# Scarlett Johansson ist "Babe des Jahres"



## Mandalorianer (18 Nov. 2010)

*
Scarlett Johansson ist "Babe des Jahres"

Die GQ kührt die sexy Schauspielerin​*

Scarlett Johansson (derzeit noch 25) ziert das Cover der Dezember-Ausgabe der GQ. Dort räkelt sich die sexy Schauspielerin lasziv auf einer Decke und blickt verführerisch in die Kamera. Das Cover dürfte wohl für einen guten Abverkauf des Magazins sorgen.

Unter dem Motto „Die 15 Männer des Jahres“ wird das Männer-Magazin Ende November in den Regalen liegen. Und auch eine Frau des Jahres wurde gekürt. Cover-Girl Scarlett wurde nämlich zum „Babe of the year“ (Babe des Jahres) ernannt.

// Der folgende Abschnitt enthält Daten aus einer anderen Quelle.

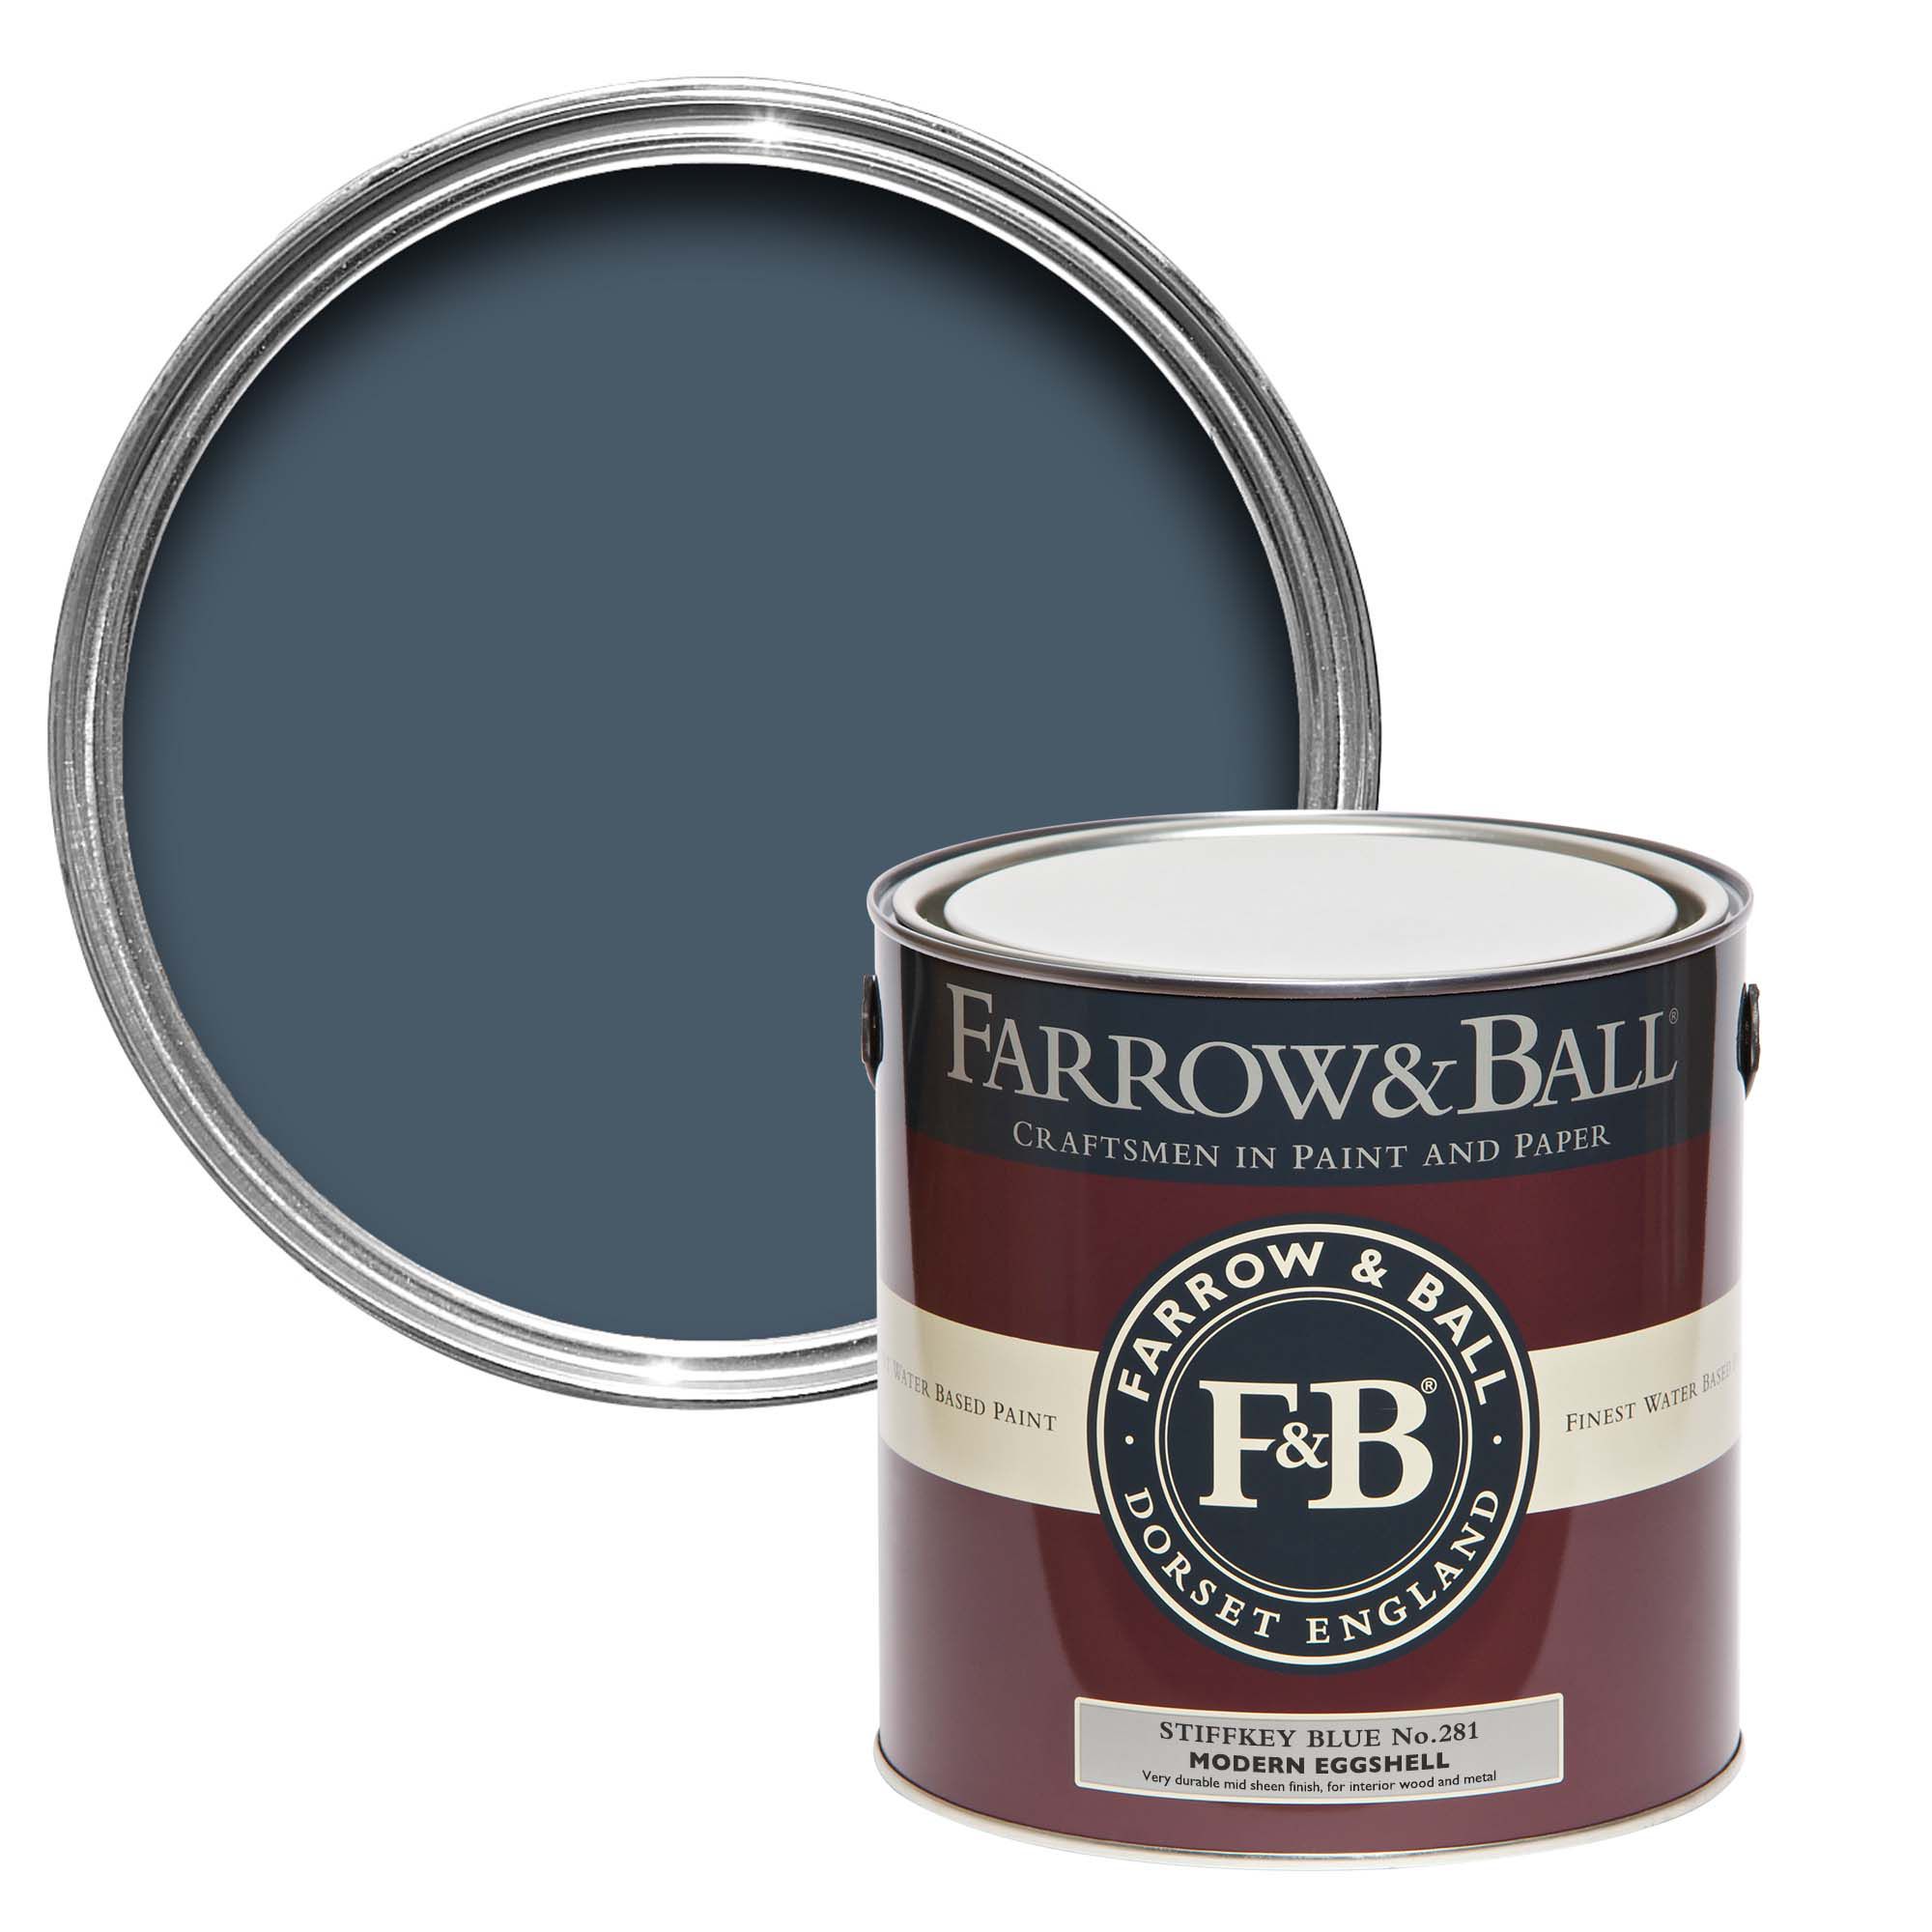 Farrow & Ball Modern Stiffkey Blue No.281 Eggshell Paint, 2.5L

„Mit 26 sieht sie immer noch unverbraucht aus, ist neugierig und ändert ihre Stimmungen und Ausdrücke, so einfach wie ihre Haarfarbe. Das ist es, was wir an Scarlett lieben: dass sie ein Spiel ist, dass sie gut ist, dass sie all diese Erscheinungen ausprobieren kann ohne zu gewollt auszusehen“ begründet das Magazin die Wahl.

Geschmäcker sind ja bekanntlich verschieden, doch die Bilder, die die Leser im Magazin erwarten, dürften wohl den meisten gefallen. 

*Gruss Gollum*


----------



## Punisher (18 Nov. 2010)

Ob sie den Titel wirklich verdient?


----------



## Chamser81 (19 Nov. 2010)

Da gefallen mir aber viele andere Frauen eindeutig besser. Aber gut dafür gibt es ja unterschiedliche Geschmäcker!


----------